OH THE IRONY OF IT ALL! HAHAHAHA....I am SO freed in body, mind, soul, spirit at this moment. May it continue ever more! Although I'm very new in all of what I'm experiencing, I am more than willing to share. Be forewarned it is deep and I may barely be able to form words to explain. It is all by the power of the Cross that I am seeing all my eyes are beholding.

I am learning new and glorious parts of life daily. There is so much for me to be unsure of. So much that can be debated. So much that is nothing as anyone has painted it as. Who is to say that there is one Way, but belief in the Way is not a simple matter by which simple definitions for Him are reached? I whole heartedly believe in the Way, but I cannot say that His Way is reached by a single, particular definition. I will not say it is reached by one single, particular definition.

In fact, there is so much I'm unsure of, but I am sure willing to learn. To dare. To be moved. To fight against the grain.

I am on a continual journey. I just hope I learn all from everything, everyone around me I can, as that is where He has placed me.

How much have we thought we know for sure, but it can be debated? All I know is I am but a sinner and His grace is my only hope!

Sunday, February 15, 2009

It's Been a While

Wow! It's been a while since I've been able to take the time to sit and write. That makes me sad.

First of all, I haven't taken the time to write. Secondly, my computer crashed so I couldn't (and my roommates extra computer busted at the same time...HA!). Bummer. Now I have access to a comuter because my roomie was given a computer that someone had extra!

So....

Looking back I am realizing how much has happened in the past few months.

1) I have started my job as a medical assistant. I absolutely love my job! It makes me sooo sure of my desire and calling to be a nurse I'm fidgeting just to get there (and I'm sure I will complain when the homework starts to unfold on my desk). I have actually been pulled to Pediatrics for a day too and loved that!
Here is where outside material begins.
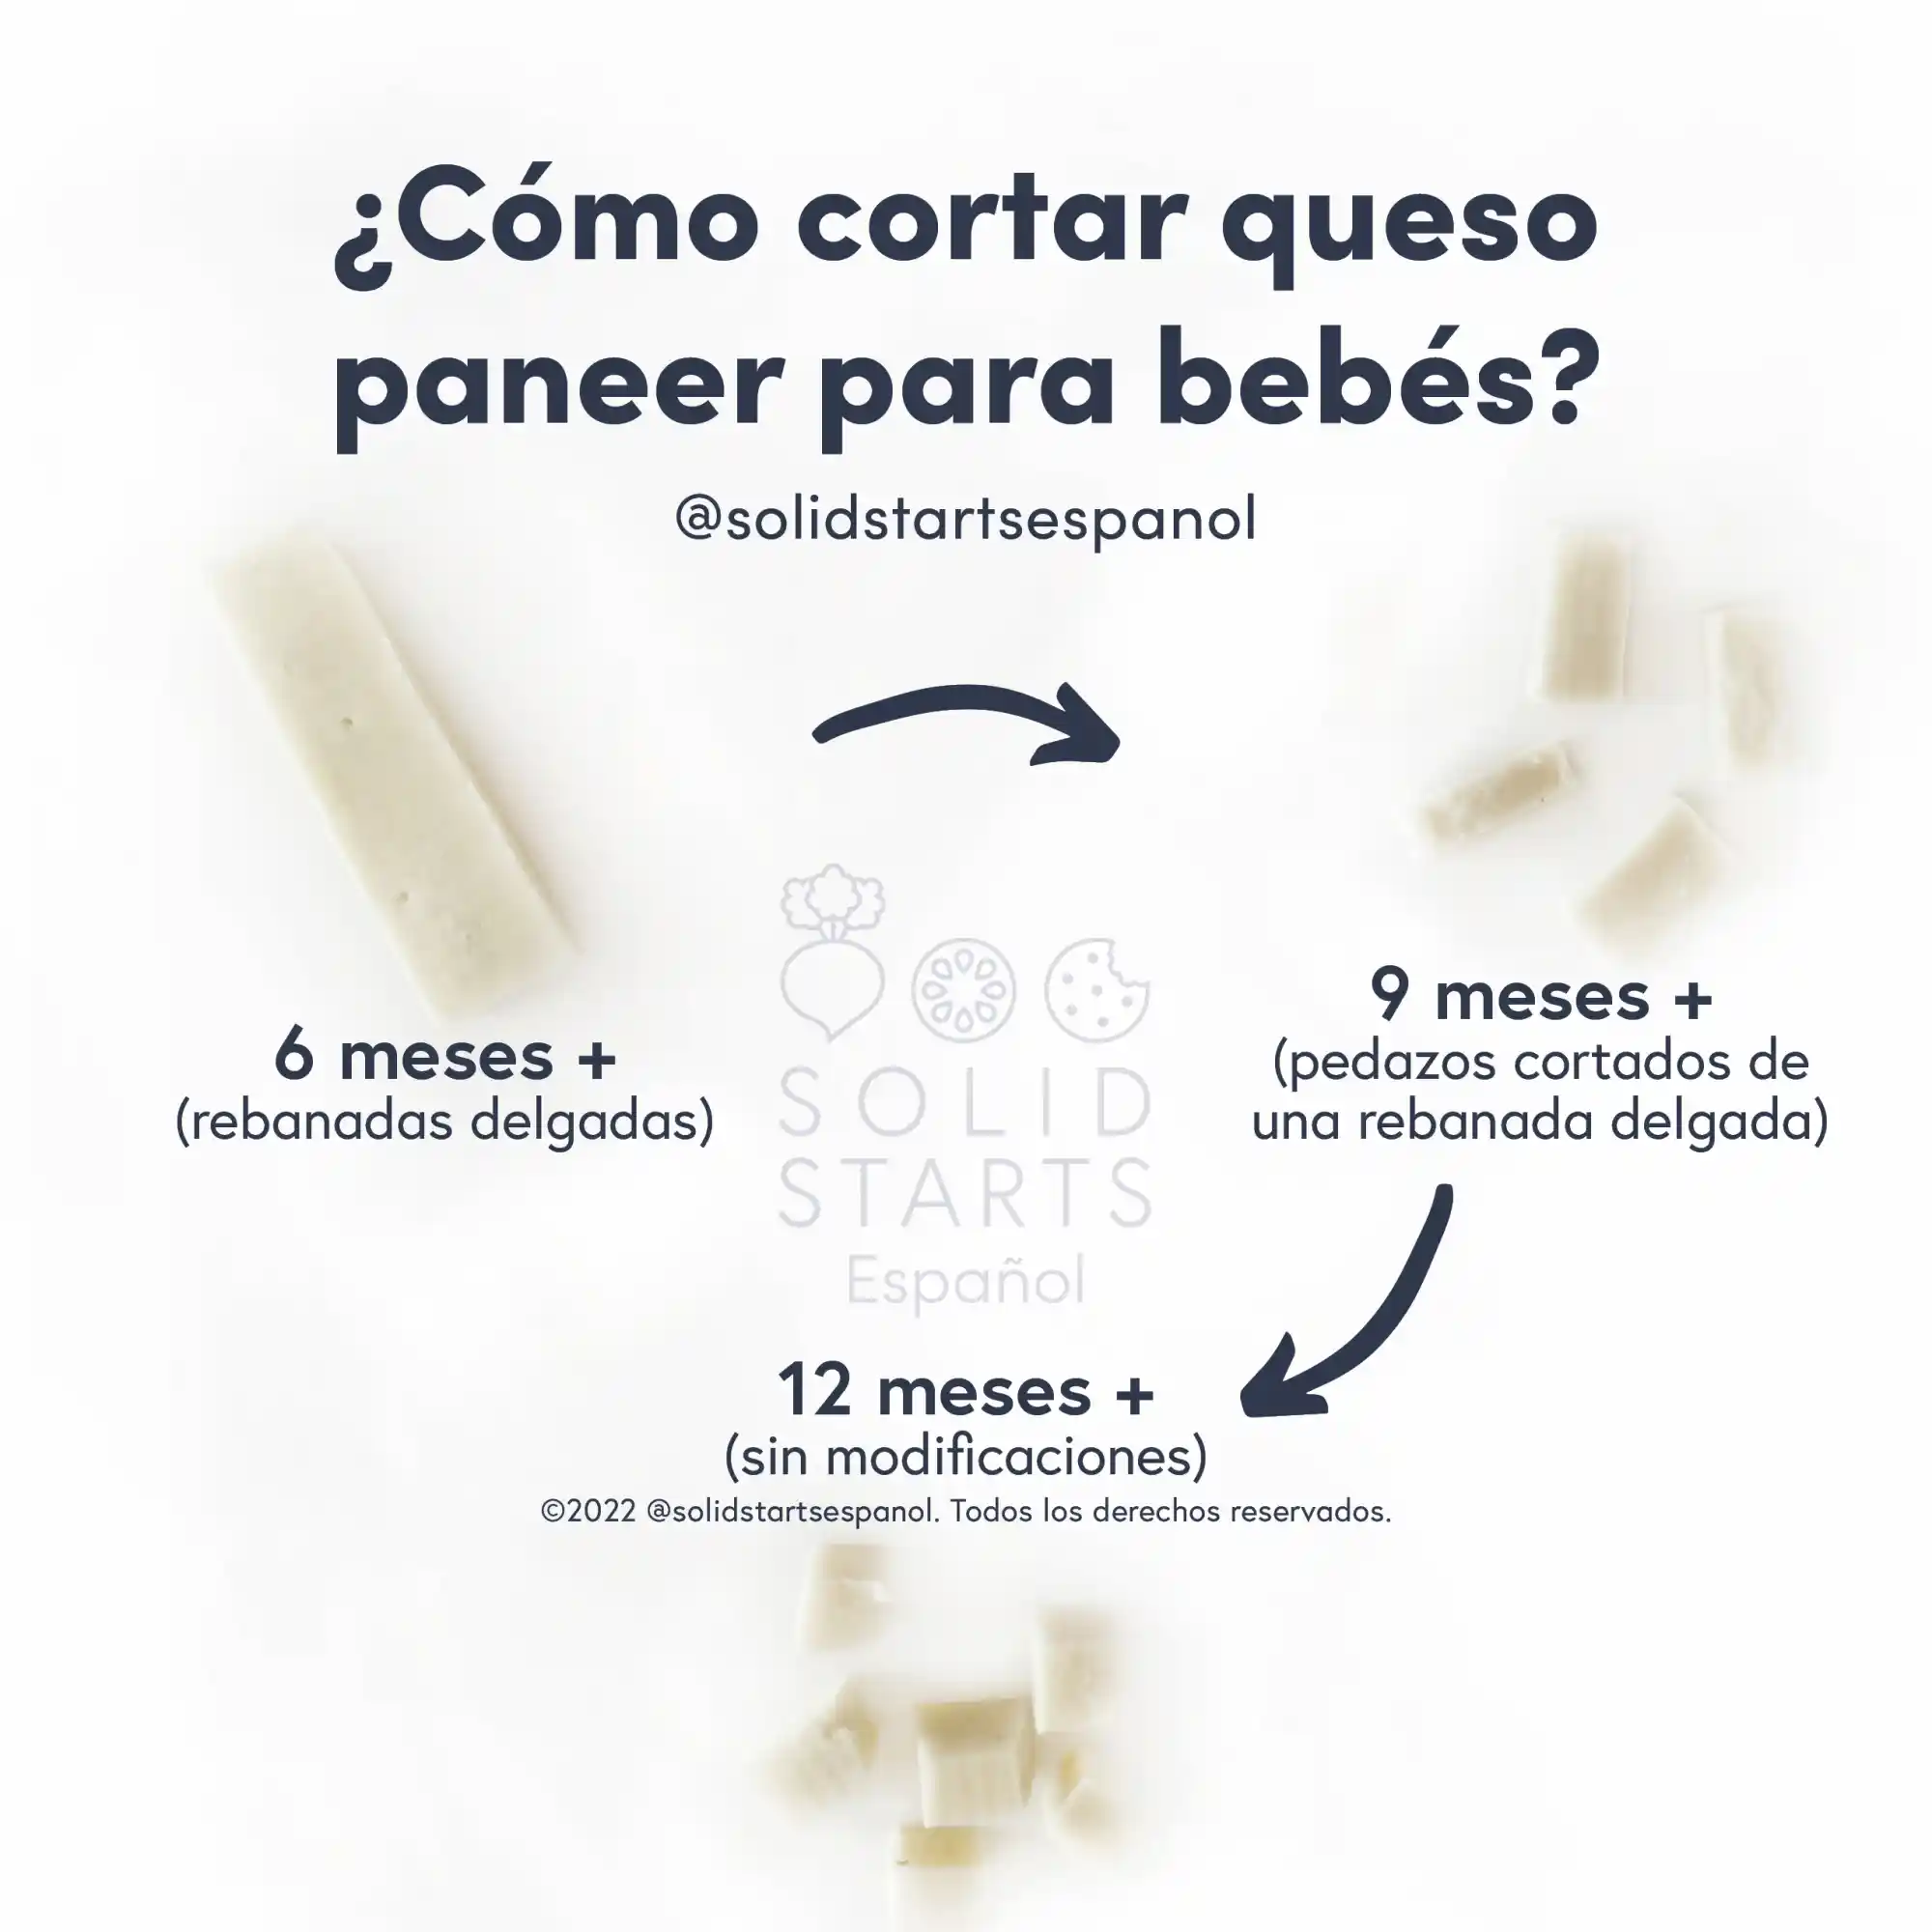 an infographic with the header "how to cut paneer for babies": a long, thin slice for 6 months+, bite-sized pieces from a thin slice for 9 months+, no modifications for 12 months+

YAY! haha...I still have my days of not wanting to go to work from sheer laziness but I consider myself fortunate to find a job I love and enjoying work (for the most part).

2) My parents are going through one of the roughest times I have ever witnessed in my life. If you think about them PLEASE be praying. There is a lot of mayhem going on with the house they were building and it really hurts to watch them go through this. I know that whether or not the outcome is how we want it, God is in control and will make this all right (even if it means they have to wait until the other side of Heaven).

3) The new year has come and we're almost through 2 months of it! Crazy...I just can't believe how quickly time passes us. I wish I would catch up with that knowledge and truly live every day as though it were my last. Why can't we always take everything we know to heart? I think a lot of us would be very different if we really followed all that we know.

4) My sister, Lindsey, is 7 months pregnant!! I am extatic about being an aunt! Little Brayden Thomas March is growing healthily and is measuring larger than how far a long my sister is. Soon enough I'm going to actually be driving up there to see the new fam :) I don't think I could be any happier (ok...well I would be if they lived in the same city but that's just pulling my luck)!

5) I was able to visit with my Aunt, Uncle, and cousins when they were down here. I really enjoy seeing them because we are really close with them and don't get to see them too often.

6) I have somehow managed to get TWO babies from two kingcakes (and of all the people to get it again: my second baby came out of a HUGE kingcake...I mean big enough for at least 25+ people). For all you who are not knowledgable on king cakes: the person who gets the baby, which is hidden inside the cake, must buy the next one. Go me!

That's about it...I have had some pretty hilarious stories since I've become a medical assistant but I don't feel like typing them all out right now.